Archivo - Embrión - SPAWNS/ ISTOCK - Archivo
MADRID, 13 Mar. (EUROPA PRESS) -
La interacción entre genes y células durante el desarrollo de un óvulo fecundado en un embrión es sumamente compleja. Los métodos anteriores capturaban la actividad genética únicamente en cortes 2D, lo que imposibilitaba la visualización del embrión completo y ofrecía un detalle espacial limitado, con frecuencia pasando por alto los patrones subcelulares.
DEL CORTE PLANO AL ATLAS COMPLETO DEL EMBRIÓN
Un nuevo método de imagen permite visualizar la actividad de miles de genes simultáneamente en todo el embrión del pez cebra, por lo que, utilizando esta tecnología, un equipo de investigación de la Universidad de Basilea, Suiza, ha creado un atlas de todos los genes y células que intervienen en la transformación de un grupo de células en un embrión. El estudio se publica en 'Science'.
El nuevo método permite al equipo de investigación del profesor Alex Schier, del Biozentrum de la Universidad de Basilea, visualizar la actividad de miles de genes en todo el embrión y vincularla con la maduración y el movimiento celular. El resultado es un atlas completo del desarrollo temprano, junto con nuevos conocimientos sobre cómo los genes y las células configuran el embrión en crecimiento.

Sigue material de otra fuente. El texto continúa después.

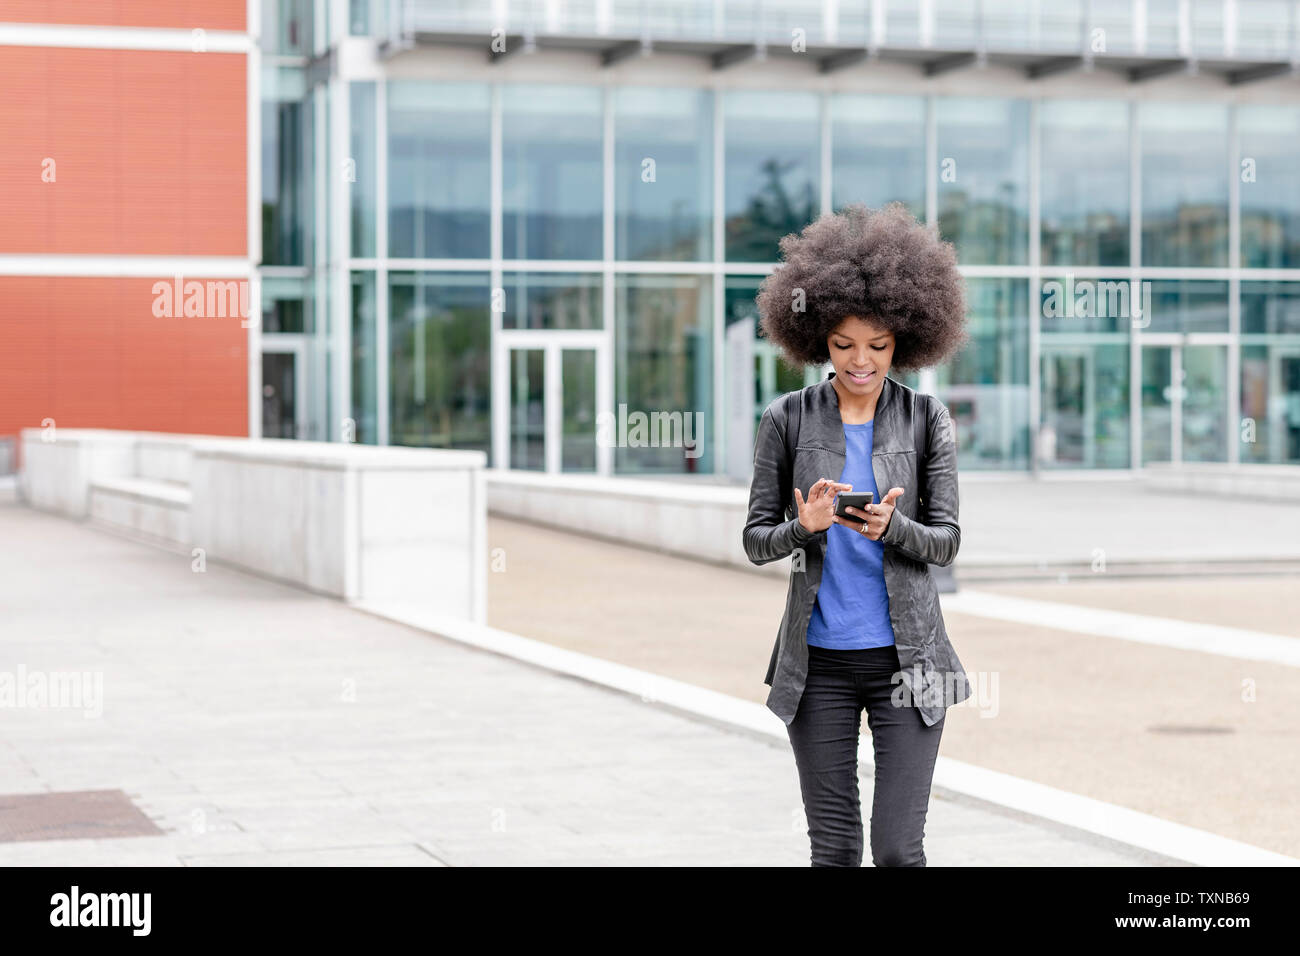 Young woman with afro hair in city, using smartphone touchscreen Stock Photo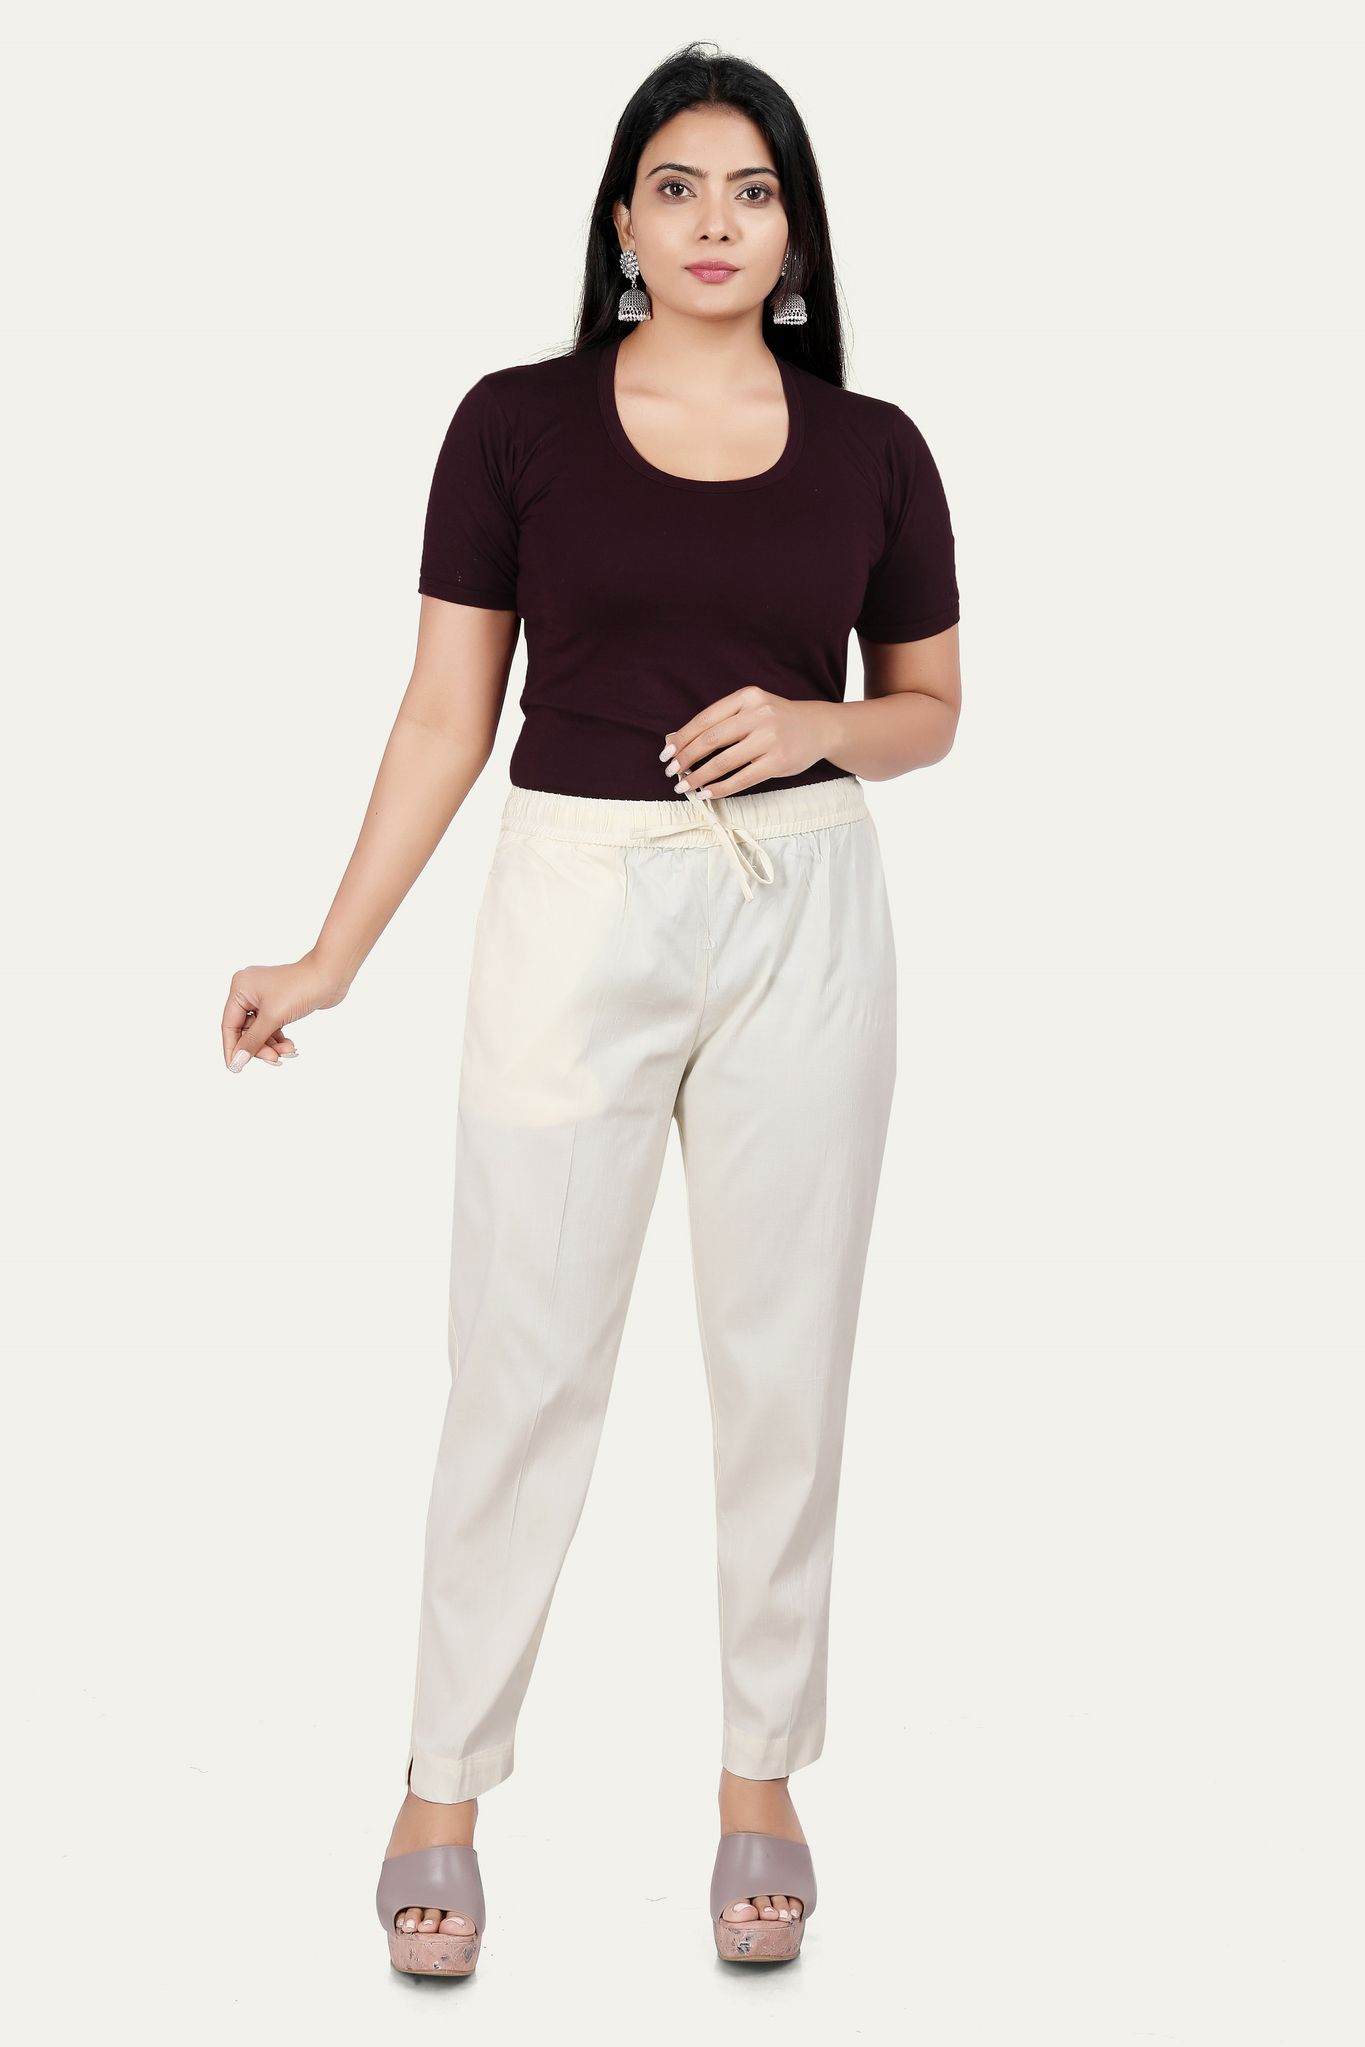 The 20 Best White Jeans for Summer - PureWow

El equipo desarrolló una nueva tecnología de imagen llamada weMERFISH. Esta tecnología permite la medición directa de la actividad de casi 500 genes en tejidos completos con resolución subcelular.
A partir de estas mediciones, los investigadores crearon un atlas del desarrollo embrionario temprano. "Al combinar datos previos de células individuales con nuestras mediciones de actividad genética, pudimos calcular patrones espaciales de miles de genes y la actividad de alrededor de 300.000 posibles regiones reguladoras", explica Yinan Wan, primer autor. Los datos son de libre acceso a través de la plataforma web MERFISHEYES.
LA TÉCNICA QUE PERMITE VER MILLAS DE GENES A LA VEZ EN 3D
Las imágenes no solo proporcionan instantáneas estáticas, sino que también permiten extraer conclusiones sobre los procesos espaciales y temporales. Por ejemplo, durante la formación de la cola, los investigadores observaron que las células a lo largo del eje del cuerpo se organizan en una secuencia de etapas de desarrollo: en la punta de la cola se encuentran células madre inmaduras, mientras que más adelante se pueden encontrar células cada vez más maduras, como las musculares.
"En cierto sentido, se puede ver el tiempo en el espacio", explica Wan. "También fue sorprendente que los cambios en la actividad genética se alineen con la forma en que las células se mueven a través del embrión, vinculando la dinámica de la expresión genética con los movimientos morfogenéticos".
Con la ayuda del atlas, los investigadores también pudieron aclarar cómo se forman los límites claros entre diferentes tejidos, por ejemplo, entre el tejido muscular y el de la columna vertebral. Descubrieron una zona celular en la que la actividad de muchos genes cambia drásticamente y difiere de un lado a otro.
Una comparación de las etapas tempranas y posteriores mostró que estos genes están inicialmente activos en ambos lados, pero posteriormente solo en uno. Y casi ninguna célula cruza este límite. "Estos límites no surgen porque las células se entremezclen y luego se clasifiquen, sino principalmente porque las células cambian su programa genético", concluyen los investigadores.